[R] means over factors in mlm terms
John Fox
jfox at mcmaster.ca
Tue Nov 21 17:46:41 CET 2006
Dear Mike,
I don't have time this morning to work this out in detail, but perhaps the
following will help:
model.response(model.frame(soils.mod)) will give you the response-variable
matrix for the model. variable.names(model.frame(soils.mod)) will give you
the names of the variables in the model, with the lhs first. If you need
more information about the structure of the model, you'll find that in
terms(soils.mod) (but I think that you've already discovered that).
I hope this helps,
John
--------------------------------
John Fox
Department of Sociology
McMaster University
Hamilton, Ontario
Canada L8S 4M4
905-525-9140x23604
http://socserv.mcmaster.ca/jfox
--------------------------------
> -----Original Message-----
> From: r-help-bounces at stat.math.ethz.ch
> [mailto:r-help-bounces at stat.math.ethz.ch] On Behalf Of
> Michael Friendly
> Sent: Tuesday, November 21, 2006 11:21 AM
> To: R-Help
> Subject: [R] means over factors in mlm terms
>
> I'm trying to write a function to find the means over factors
> of the responses in a mlm (something I would do easily in SAS
> with PROC SUMMARY).
>
> The not-working stub of a function to do what I want is
> below, and my problem is that I don't know how to call
> aggregate (or some other function) in the context of terms in
> a linear model extracted from a lm/mlm object.
>
> means.mlm <- function(mod, terms, data) {
> responses <-dimnames(mod$fitted.values)[[2]]

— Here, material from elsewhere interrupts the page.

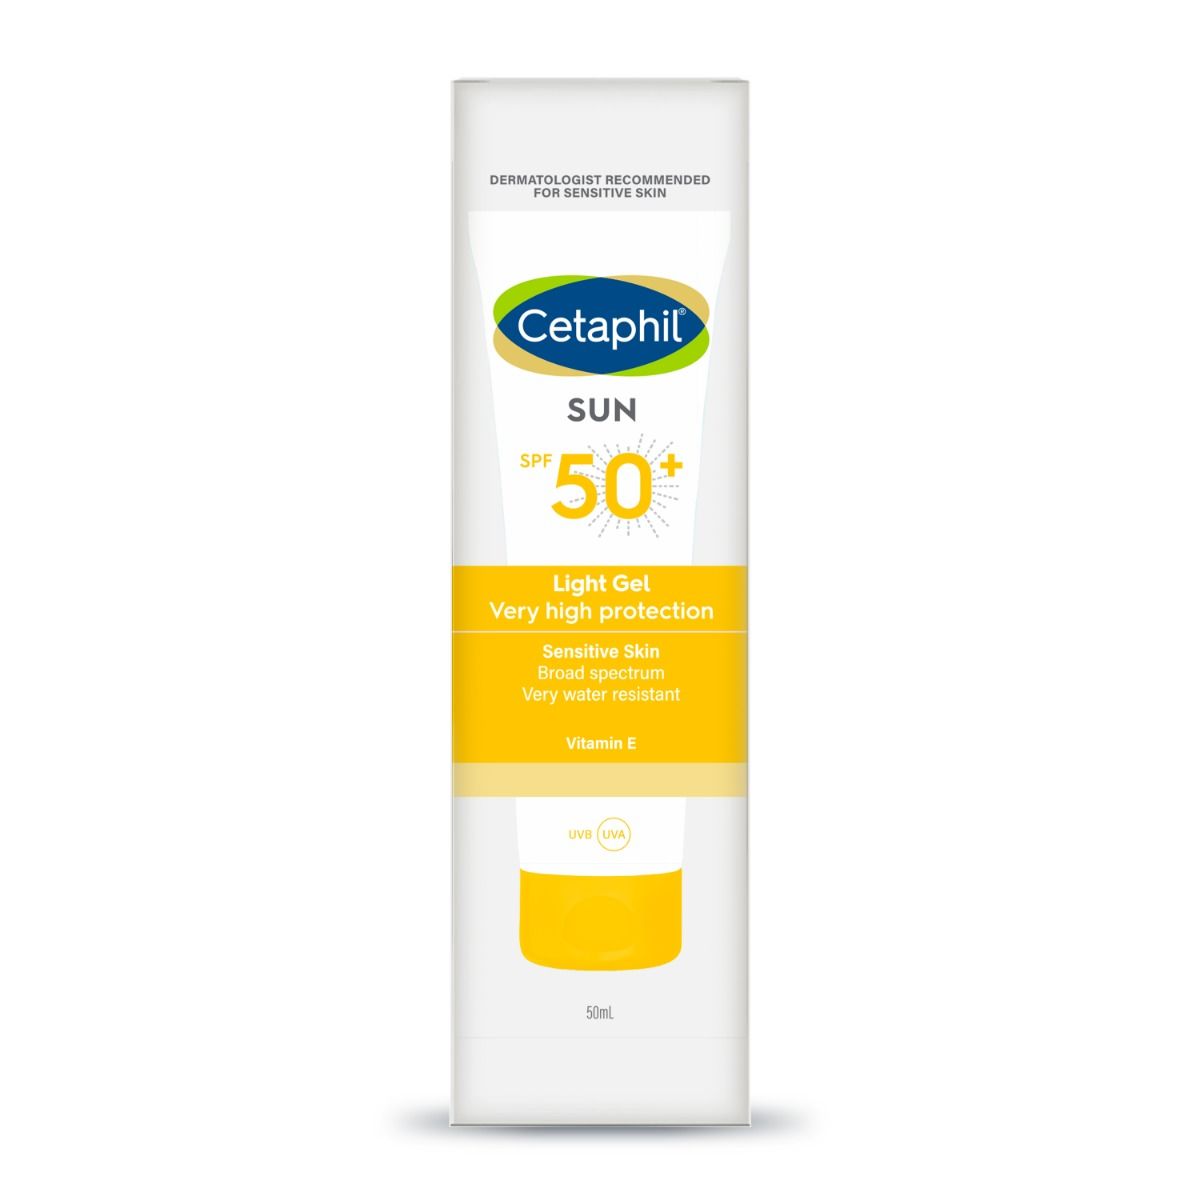 Cetaphil Sun SPF 50+ Very High Protection Light Gel, 50 ml, Pack of 1

> if (missing(terms)) terms <- mod$terms
> n.terms <- length(terms)
>
> for (term in 1:n.terms){
> label <- attr(terms[term], "term.labels")
> cat(label,":\n")
> means <- aggregate(data, list(label), FUN=mean)
> print(means)
> }
> }
>
> Here is a sample context-- a randomized block design with two
> crossed factors (Contour, Depth) and 9 responses (pH, N, ...
> Conduc). [An R-readable version of the data is appended at
> the bottom.]
>
> > soils <- read.delim("soils.dat")
> > str(soils)
> 'data.frame': 48 obs. of 14 variables:
> $ Group : int 1 1 1 1 2 2 2 2 3 3 ...
> $ Contour: Factor w/ 3 levels "Depression","Slope",..: 3 3
> 3 3 3 3 3 3
> 3 3 ...
> $ Depth : Factor w/ 4 levels "0-10","10-30",..: 1 1 1 1 2
> 2 2 2 3 3 ...
> $ Gp : Factor w/ 12 levels "D0","D1","D3",..: 9 9 9 9
> 10 10 10 10
> 11 11 ...
> $ Block : int 1 2 3 4 1 2 3 4 1 2 ...
> $ pH : num 5.4 5.65 5.14 5.14 5.14 5.1 4.7 4.46 4.37 4.39 ...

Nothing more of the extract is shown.